Guys! I’m going to Pittsburgh today to be an unpaid extra in The Dark Knight Rises. Do you think they’ll mind if I dress like Harley Quinn?
News Blips:

Bethesda’s lawyers have informed Minecraft developer Mojang that their new game, Scrolls, infringes on the Elder Scrolls trademark. Notch -- or as he is known by his mother: Markus Persson -- sent out a Tweet claiming that Bethesda’s lawyers insist everyone will confuse his Scrolls with their new game, Elder Scrolls 5: Skyrim. I think this is perfectly reasonable. When I was a kid, I would ask my mom for “the new Mario.” She would go to the store and return with Mario Lopez, because she is a mom and is easily confused. Scrolls will probably never be available in stores, however, and the audience for both of these games is probably savvy enough to tell the difference. Well, unless Steam has had a sudden influx of my mom.
Nintendo pulls the Wii U out of European trade show GamesCom. Is it the end times for Nintendo? Does its exit from the biggest video-game expo in the Euro zone suggest that the Japanese manufacturer has lost confidence in the follow-up to the Wii? Probably not. Sure, the 3DS’s performance has put a chink in the company’s armor, but it probably has nothing new to show for the system. Nintendo doesn’t want to disappoint people looking for that something new. If Nintendo was reconsidering the Wii U, what would you want to see changed? [Conceivably Tech]
DICE will include Back to Karkand DLC for anyone who pre-orders Battlefield 3. “When Lead Designer Niklas Fegraeus got the assignment to lead the expansion pack,” reads the Battlefield 3 website, “his thoughts immediately went to the four most played and loved maps in the history of Battlefield: Strike at Karkand, Wake Island, Gulf of Oman, and Sharqui Peninsula.” These maps are synonymous with Battlefield. They have appeared in most of the games in the series. Don’t worry; that doesn’t make this a rehash. It can’t be repetitive or iterative unless Activision's Bobby Kotick is involved.

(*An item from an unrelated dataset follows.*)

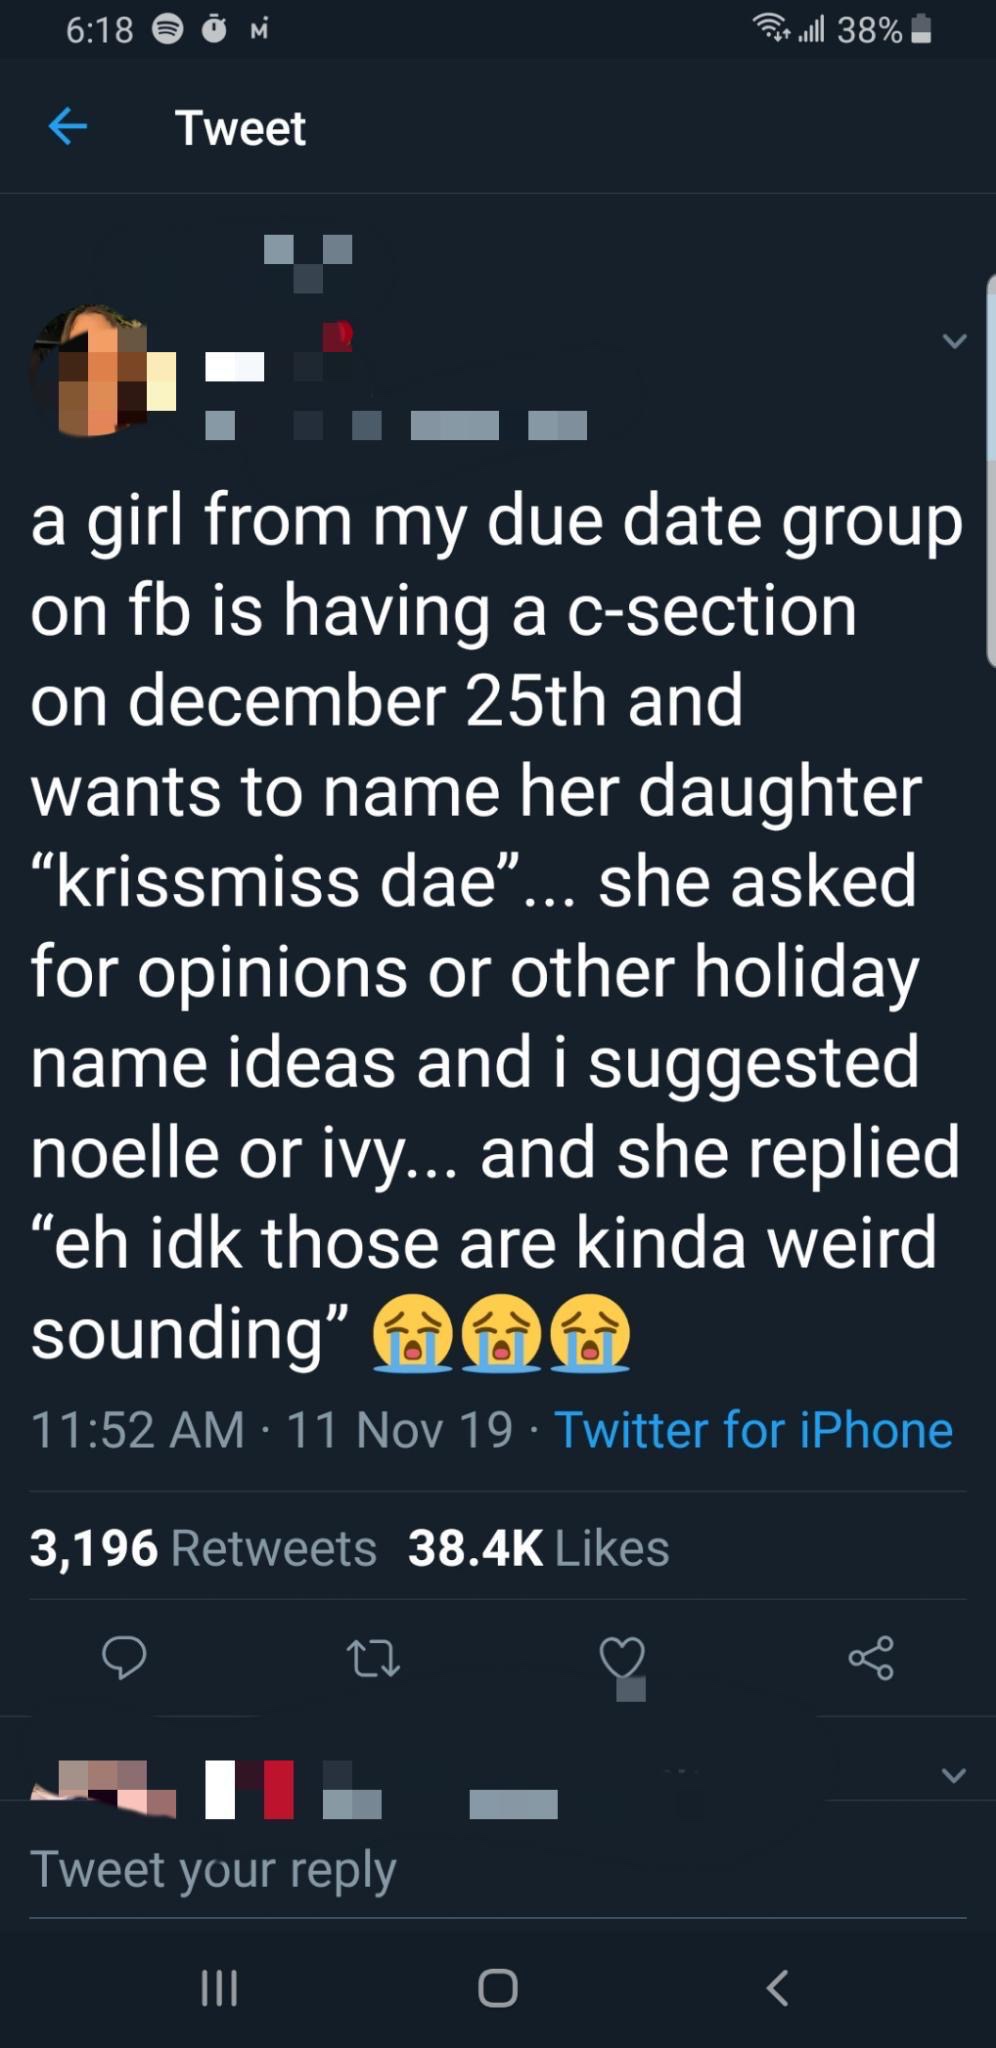 screenshot - @ Mi Phot Jill 38% f Tweet 1 a girl from my due date group on fb is having a csection on december 25th and wants to name her daughter krissmiss dae... she asked for opinions or other holiday name ideas and i suggested noelle or ivy... and she

Titan Quest’s lead designer, Arthur Bruno, explains that publisher THQ wanted a game grandmothers could play and stupid enemies so players wouldn’t think twice about killing them. In a forum post for the designer’s new game, Grim Dawn, Bruno went into great detail about the watering down his game received at the behest of the publisher. “I was literally told by one of the higher-ups that the game should be designed so that his grandmother would want to play it (even though his grandmother had never played a game before in her life),” Bruno wrote. The designer also claimed that a THQ mandate insisted that enemies never use language or build anything, since that would suggest they have intelligence greater than an animal. Everyone knows it is OK to kill something as long as its IQ is lower than that of Forest Gump's. Check out the whole diatribe here.
Sony looks to take on Microsoft's Summer of Arcade promotion with its own PlayStation Network Play. Per the press release:
With each pre-order from the PLAY program made in the PlayStation Store, gamers will receive a theme for their PlayStation 3 system. PLAY also offers gamers a separate gift with purchase for each order made throughout the duration of the program. In addition, PlayStation Plus subscribers will receive an automatic 20% off every PLAY program purchase. As a bonus gift, action fans that purchase all four PLAY titles in the PlayStation Store will receive a voucher code for Sony Online Entertainment’s PayDay: The Heist, at no additional cost.
The Play titles include: Street Fighter 3: 3rd Strike Online Edition (August 23), The Baconing (August 30), BloodRayne: Betrayal (September 6), and Renegade Ops (September 13).